Beyond the grief, then anger, comes a desire to make sense of it all. Make sense of our society, our nation. Why, I ask myself, are we like this? Why do we need to have guns, and more basically, why is ‘personal freedom’ so pervasively core to our priorities in this country?
Religious freedom (which, ironically, became intolerance to anything differing from the new religious practice) is the historically taught cornerstone for the establishment of many settlements in the colony of America. But the idea of a place to go away from King and class restrictions had to have been appealing to many of this country’s first settlers. And then there were the amazing natural resources of this country. People came here for opportunity. This is how most, if not all human societies start. One culture usurps another and then works out how it will establish itself and grow. As it matures, it faces and addresses the growing pains of being a society.

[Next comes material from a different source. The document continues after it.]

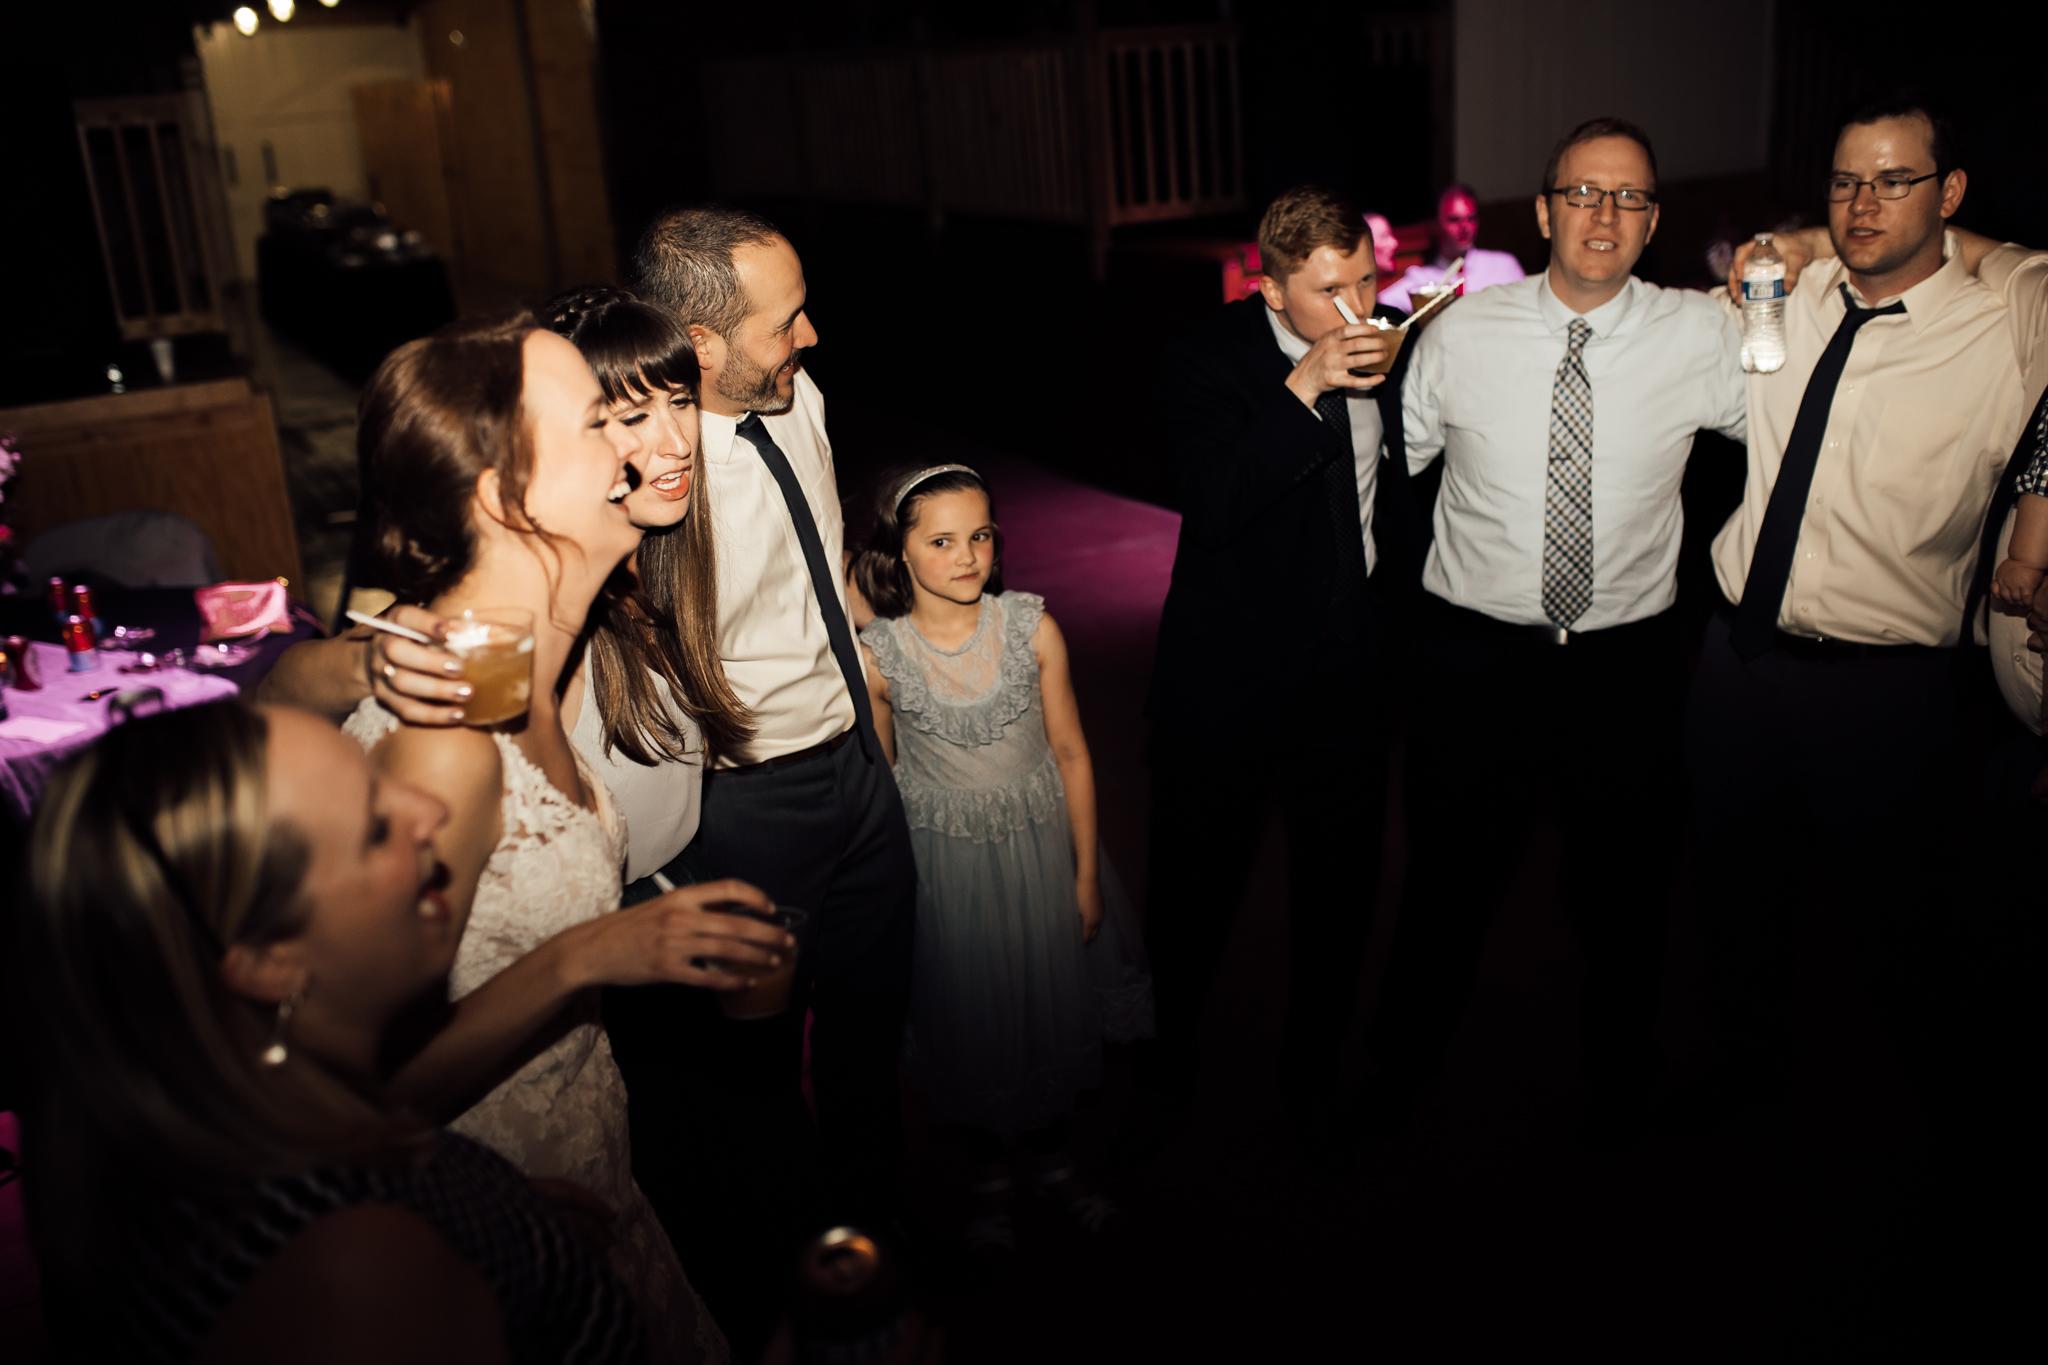 birmingham-alabama-wedding-photographer-laura-terry-the-warmth-around-you (105 of 110).jpg

The United States, as a nation, is a young society. I think of us as adolescents. We are not children anymore, but we are not adults either. We still think our personal freedoms are more important than what is good for our society as a whole. Like adolescents, we are the center of our universe. Our wants and needs are the most important thing to us. This is not a bad thing, it is the way things grow. Before you can look beyond yourself to establishing your place in the world at large, you must first figure out who you are. That is the role of adolescence.
In the United States, we are figuring out who we are. And like individual adolescents, our black and white ideas are being challenged. Some of us need to feel we are free by being able to own guns, and others of us need to feel free by feeling safe from people owning guns. Whose freedom is the right one? That’s what we are wrestling with now. I have no doubt that, as a society, we will grow and mature like all successful societies have. And that means limiting personal freedoms for the general good of the society as a whole.
After all, if a society cannot keep its children safe from itself, then it has failed its primary purpose—that of perpetuating itself. All successful societies have realized this at some point, and it is at that point that personal freedom has grown up and become collective good.